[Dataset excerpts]
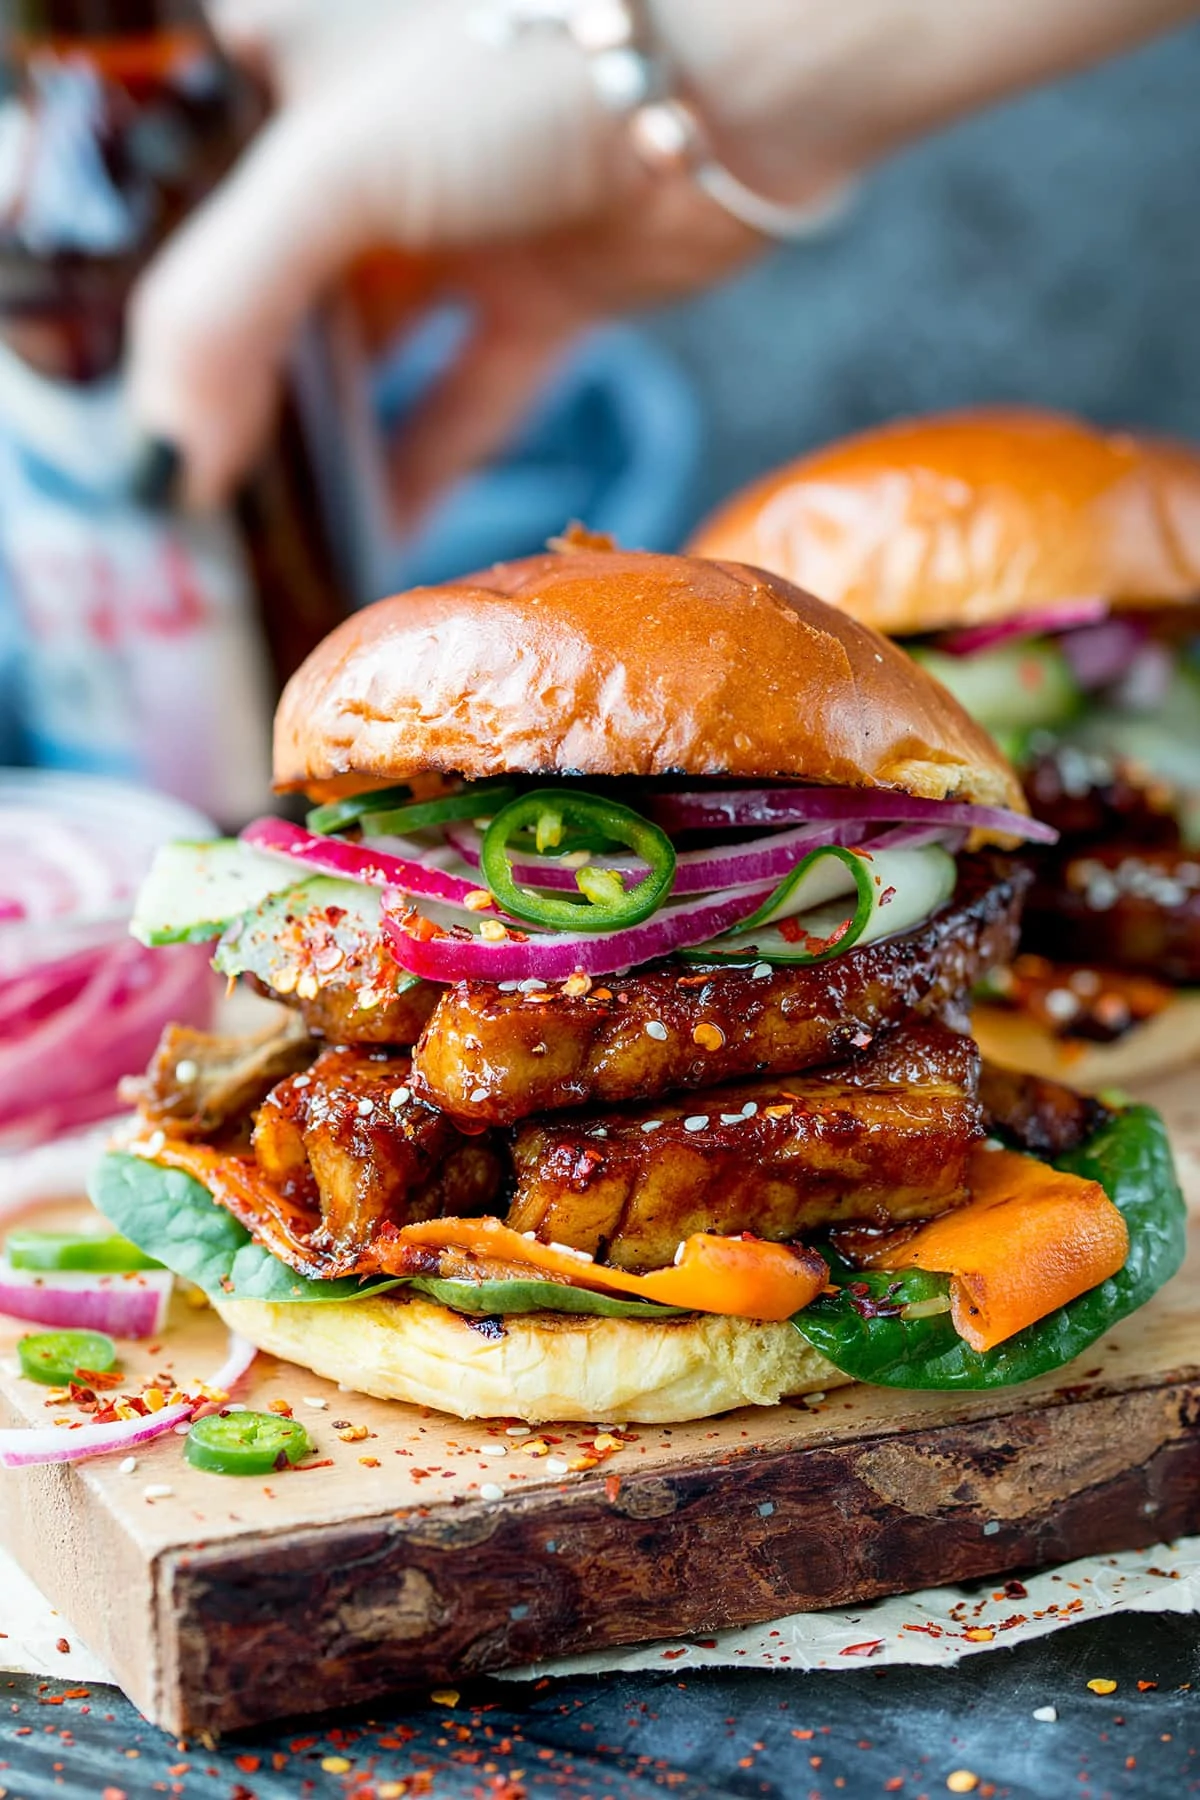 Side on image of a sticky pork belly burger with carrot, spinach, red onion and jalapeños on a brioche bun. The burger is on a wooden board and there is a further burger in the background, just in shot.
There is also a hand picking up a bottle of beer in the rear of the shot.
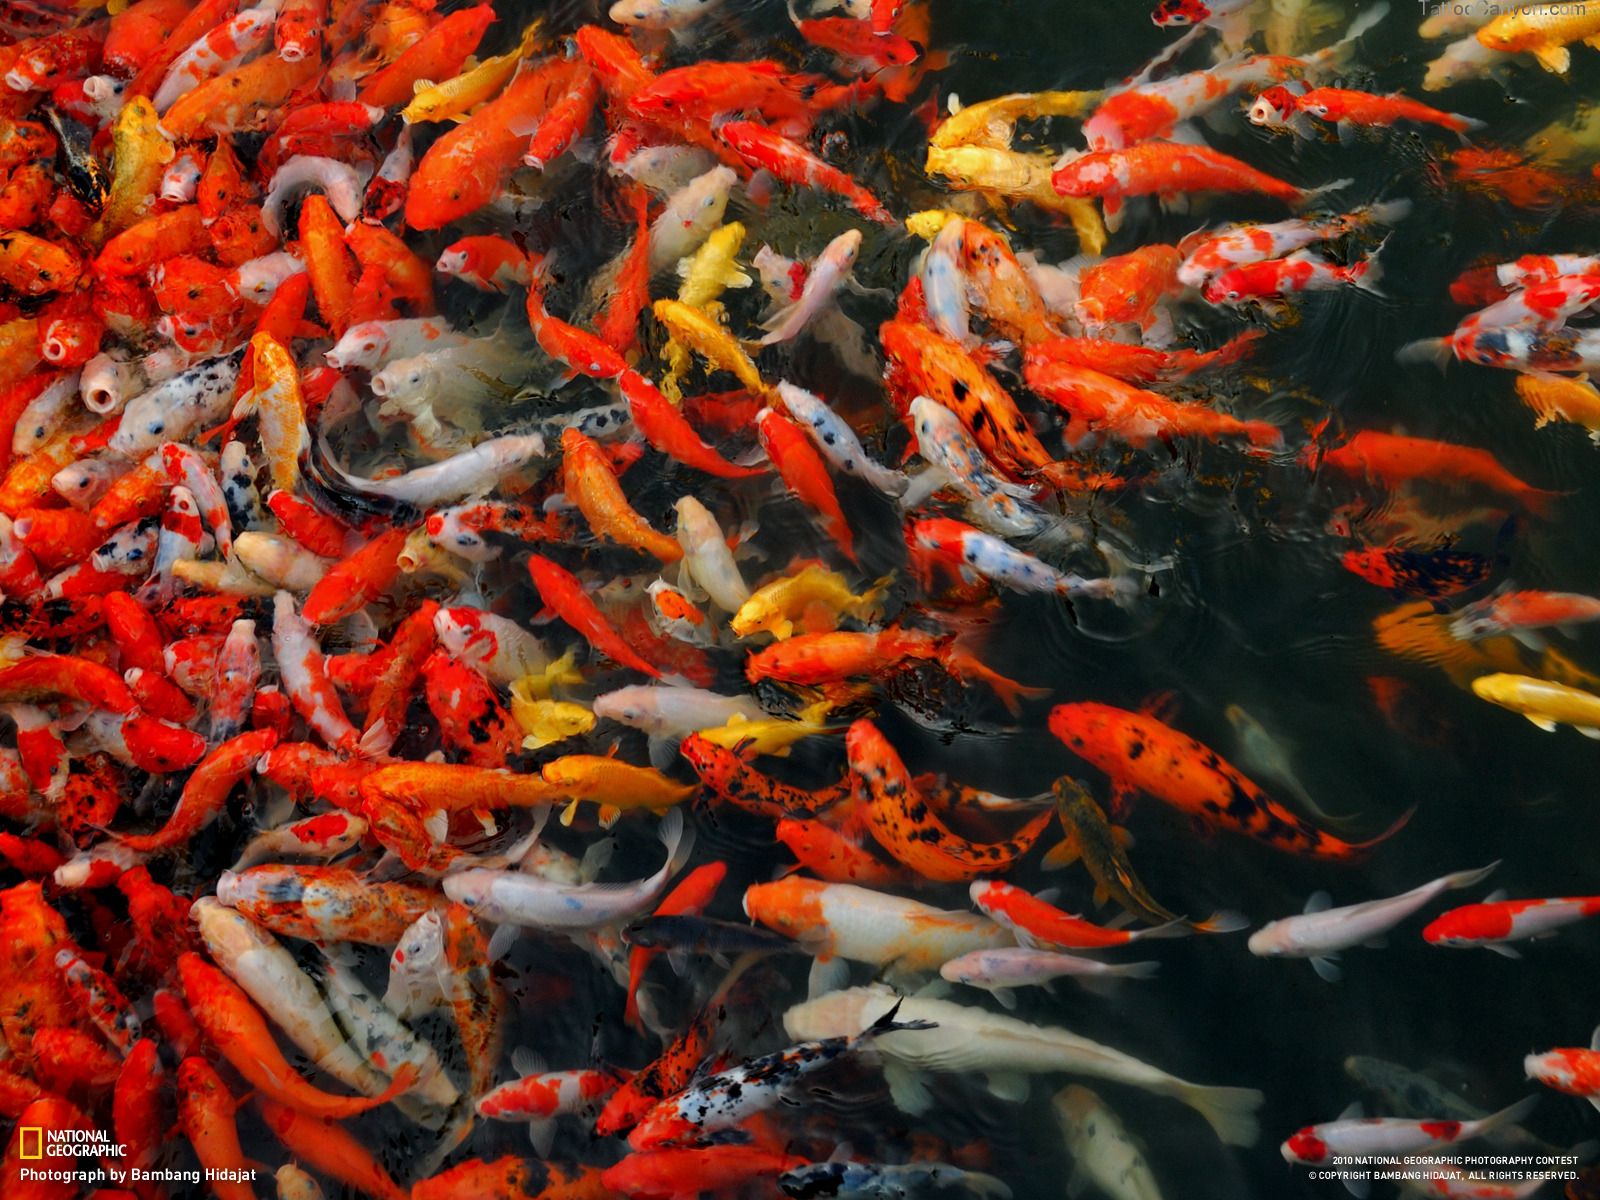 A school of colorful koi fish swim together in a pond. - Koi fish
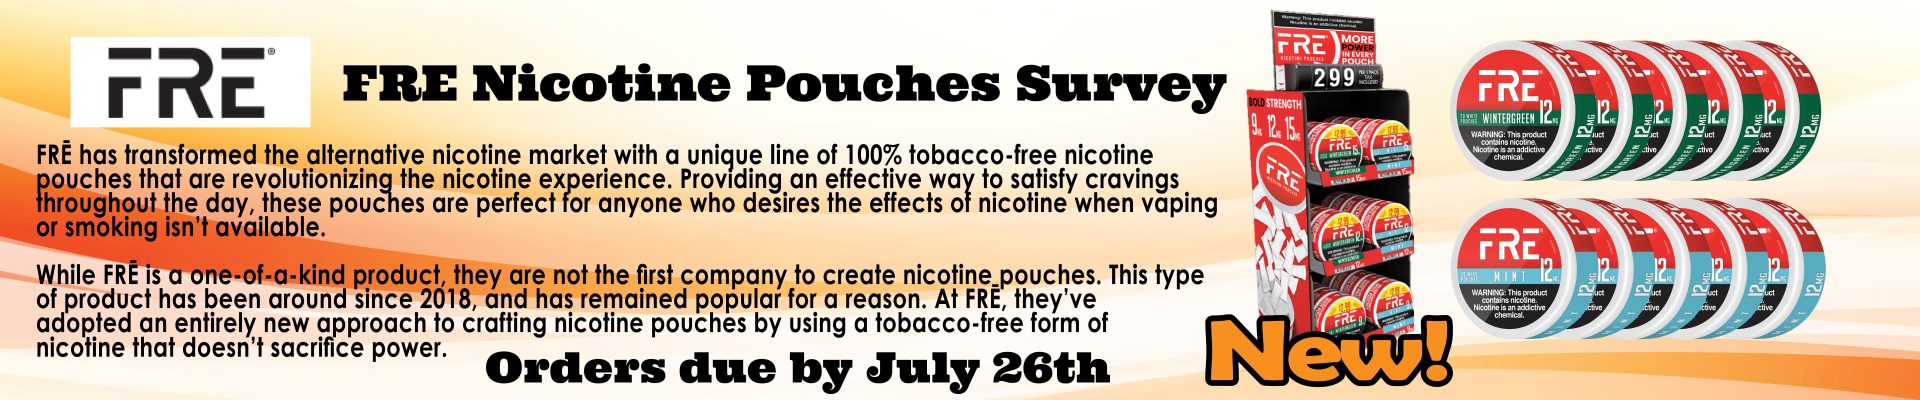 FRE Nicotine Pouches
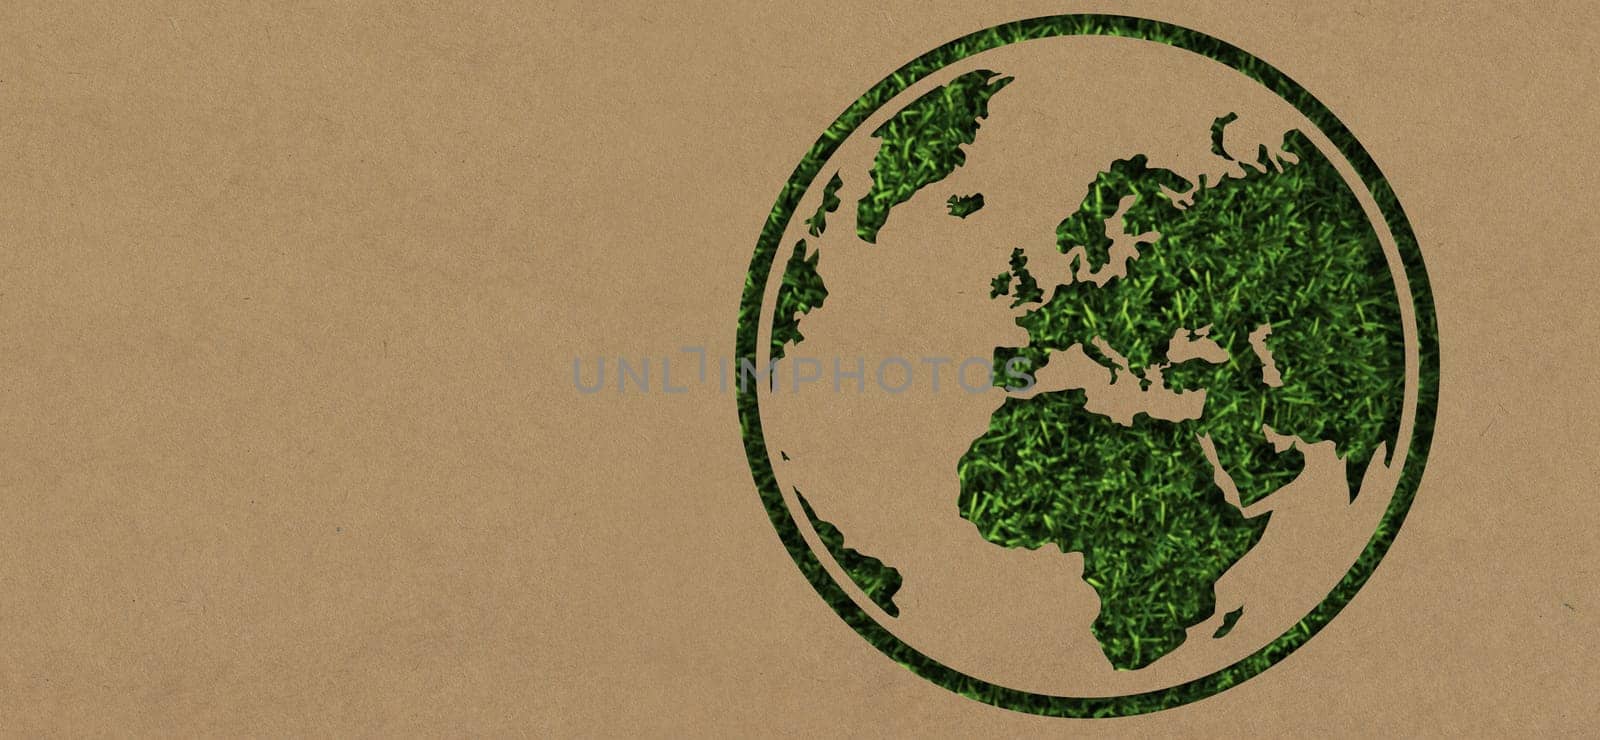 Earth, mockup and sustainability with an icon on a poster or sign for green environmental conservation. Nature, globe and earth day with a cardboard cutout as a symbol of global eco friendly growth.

What the task requires >> Reproduce word for word the lines from the line with "There is also" to the end of the entries above, both included, but leave the pictures out.

Output of the exercise >>
There is also a hand picking up a bottle of beer in the rear of the shot.
 A school of colorful koi fish swim together in a pond. - Koi fish
 FRE Nicotine Pouches
 Earth, mockup and sustainability with an icon on a poster or sign for green environmental conservation. Nature, globe and earth day with a cardboard cutout as a symbol of global eco friendly growth.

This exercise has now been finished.